The girls on the track had priority over these constraining stereotypes. It was only a fleeting moment, but its impact and importance will last much. It is a glimpse of and hope for a different possibility.

The importance of male allies

The movement to increase gender equality needs diverse allies to succeed. UNICEF notes, “Changing the value of girls has to include men, women and boys.” In this very simple moment, this man with his broom was indeed an ally. He was focused on the success of our sporting event, as was every woman present. They all understood it was critical that the event area was in perfect condition for the girls that were participating in the events. They deserved nothing less, and this man believed it as deeply as any of the other women present. At that moment, he also freed himself from his ingrained gender stereotypes and simply picked up the broom and swept the event area.
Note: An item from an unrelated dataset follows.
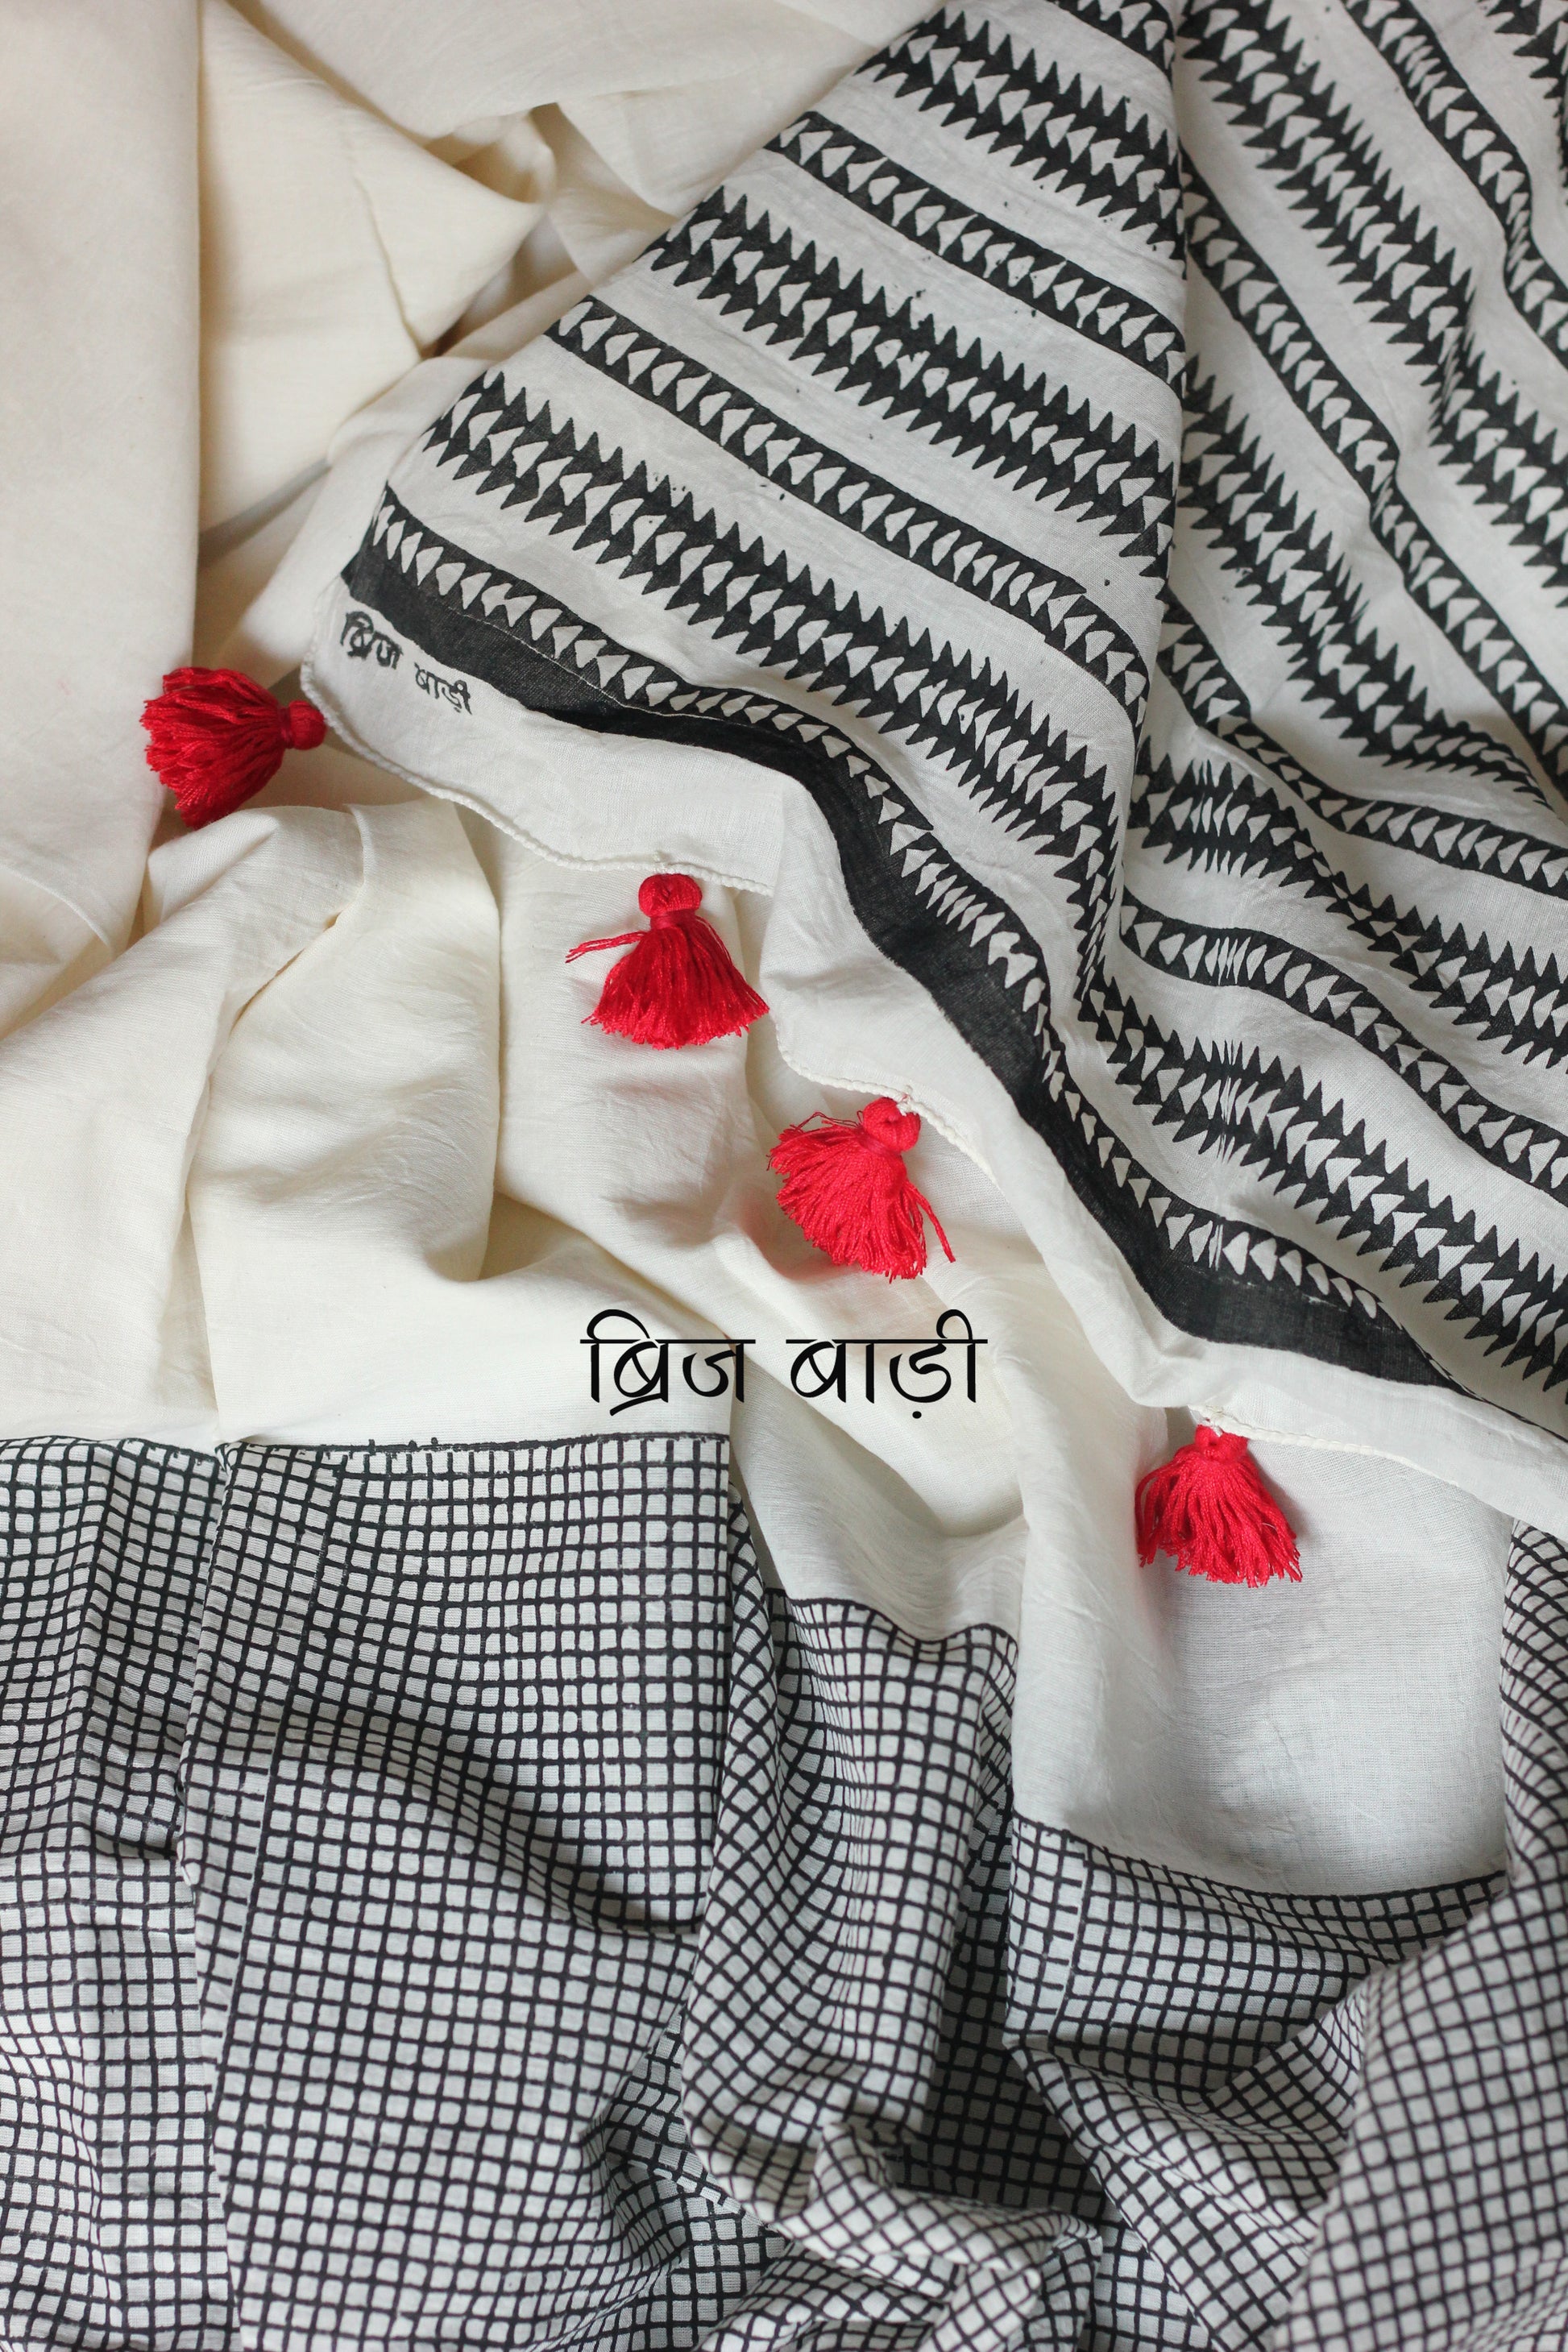 Handcrafted soft breezy stylish white cotton mulmul saree hand block printed by artisans of India. Free Shipping Pan India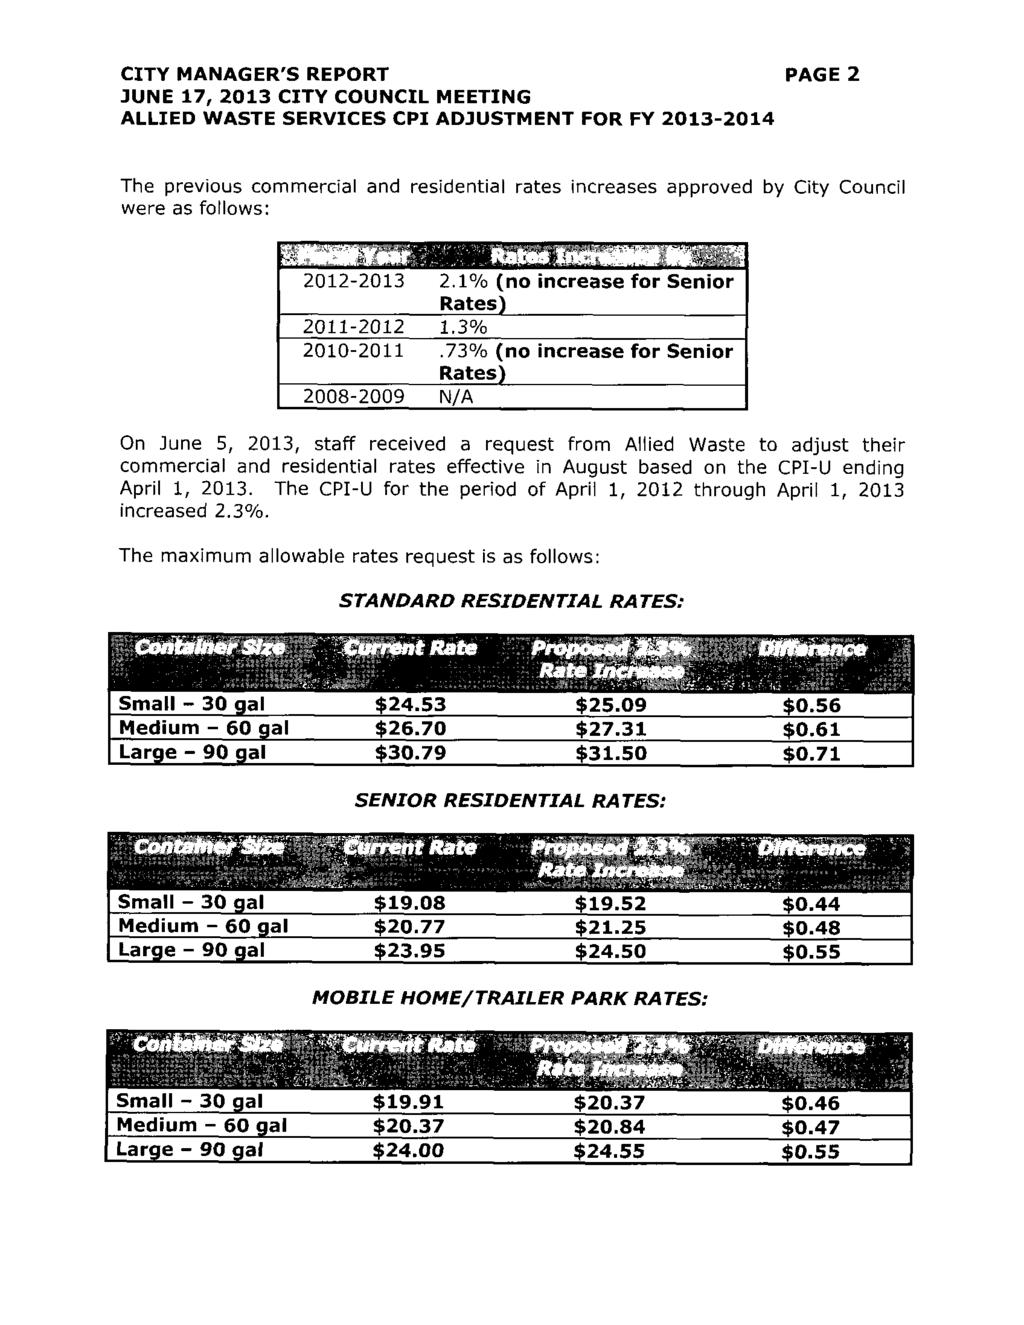 CITY MANAGER S REPORT PAGE 2 UNE 17 2013 CITY COUNCIL MEETING ALLIED WASTE SERVICES CPI AD USTMENT FOR FY 2013 2014 The previous commercial and residential rates increases approved by City Council

In this world of constant gender cues and rigid gender roles, this small act at a sporting event offers a glimpse of an exception, and challenges prevalent gender stereotypes. Though much more needs to be done globally toward gender equality, such everyday actions can work to slowly chip away at these gender constraints.

Once the pandemic stabilises in India, we look forward to returning to the sports field and continuing to empower women and girls through sports, breaking as many stereotypes as we can along the way!